Debiut w turnieju w Rotterdamie Andy'ego Murraya, który tak świetnie prezentował się w ubiegłym tygodniu w turnieju w Marsylii, okazał się bardzo nieudany. 20-letni Szkot uległ reprezentantowi gospodarzy Robinowi Haase 7:5, 6:3. -Doping ośmiu tysięcy ludzi bardzo pomaga - wyznał Holender, dziękując tym samym zgromadzonej na trybunach publiczności za wsparcie. Natomiast wszystko tego dnia irytowało Murraya. - Nawierzchnia i piłki były bardzo wolne. Publiczność bardzo przeszkadzała - mówił, ale zauważył też pewne plusy odpadnięcia z turnieju: -Mam teraz parę dni wolnych, więc lepiej przygotuję się do turniejów w Dubaju i Indian Wells. Mimo przegranej nadal uważam obecny początek sezonu za dobry. Haase, grający w turnieju dzięki dzikiej karcie przyznanej przez organizatorów, w drugiej rundzie spotka się z Michaelem Berrerem.

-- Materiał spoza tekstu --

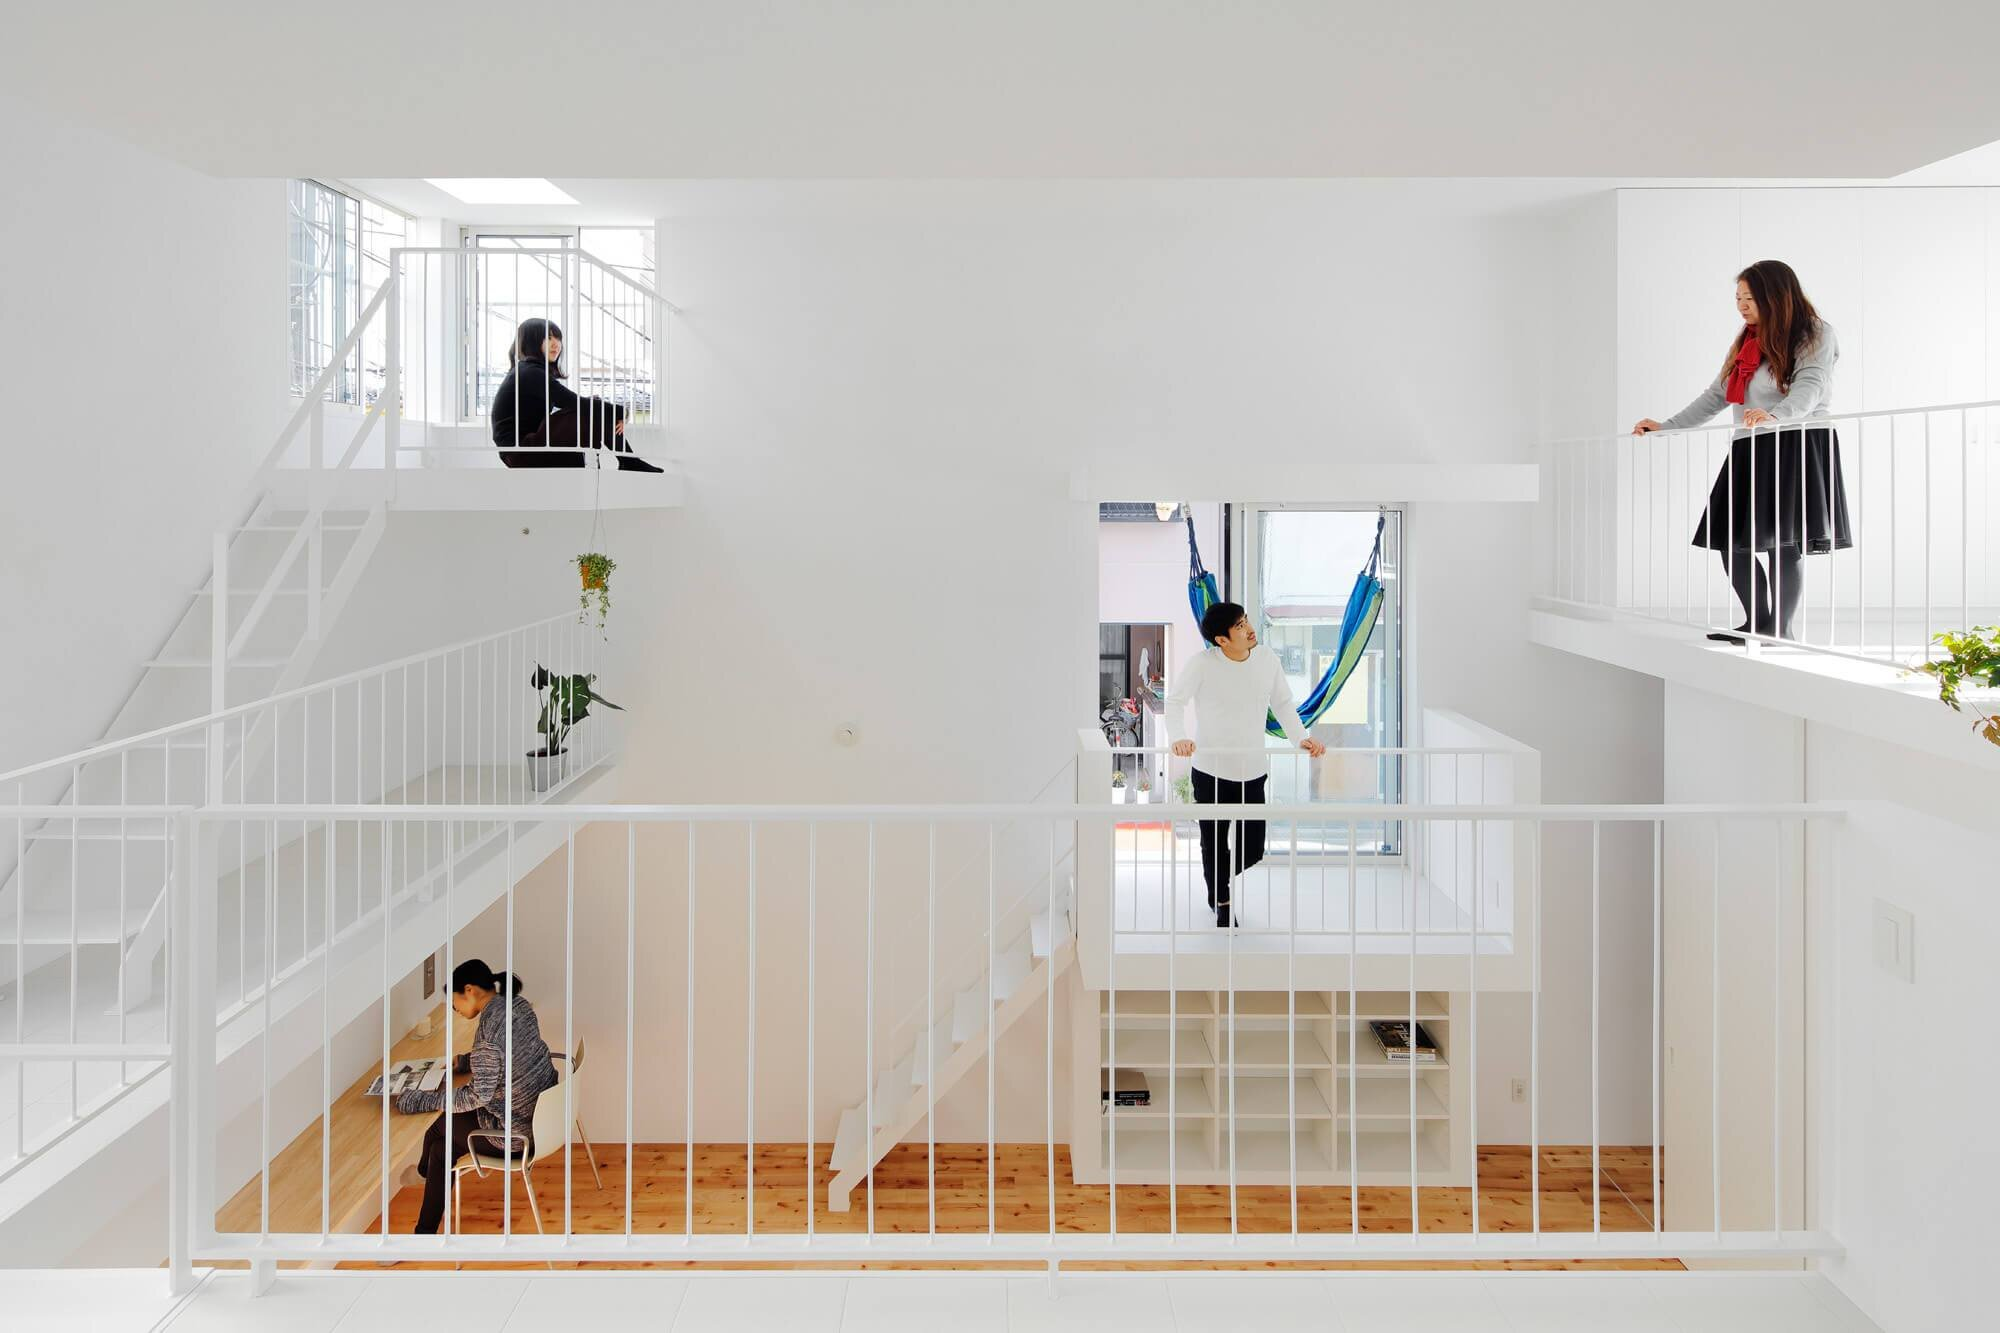 Balcony-House-Takeshi-Hosaka-Architects-Japan-0

Niezwykle dramatyczne widowisko holenderskiej publiczności zafundowali Australijczyk Lleyton Hewitt i Włoch Andreas Seppi. Pojedynek trwał prawie trzy godziny, a dwa sety zakończyły się tie-breakami. Mecz wygrał Seppi, który lepiej wytrzymywał wojnę nerwów we wspomnianych tie-breakach. Spotkanie zakończyło się rezultatem 3:6, 7:6(4), 7:6(4). W opinii ekspertów Hewitt przegrał trochę na własne życzenie, gdyż zmarnował aż 13 szans na przełamanie rywala i jedną piłkę meczową. -To bardzo frustrujące mieć tyle szans i ich nie wykorzystać. Powinienem wygrać to spotkanie. Bardzo lubię turniej w Rotterdamie, więc jest mi przykro żegnać się z nim tak szybko - przyznał Australijczyk.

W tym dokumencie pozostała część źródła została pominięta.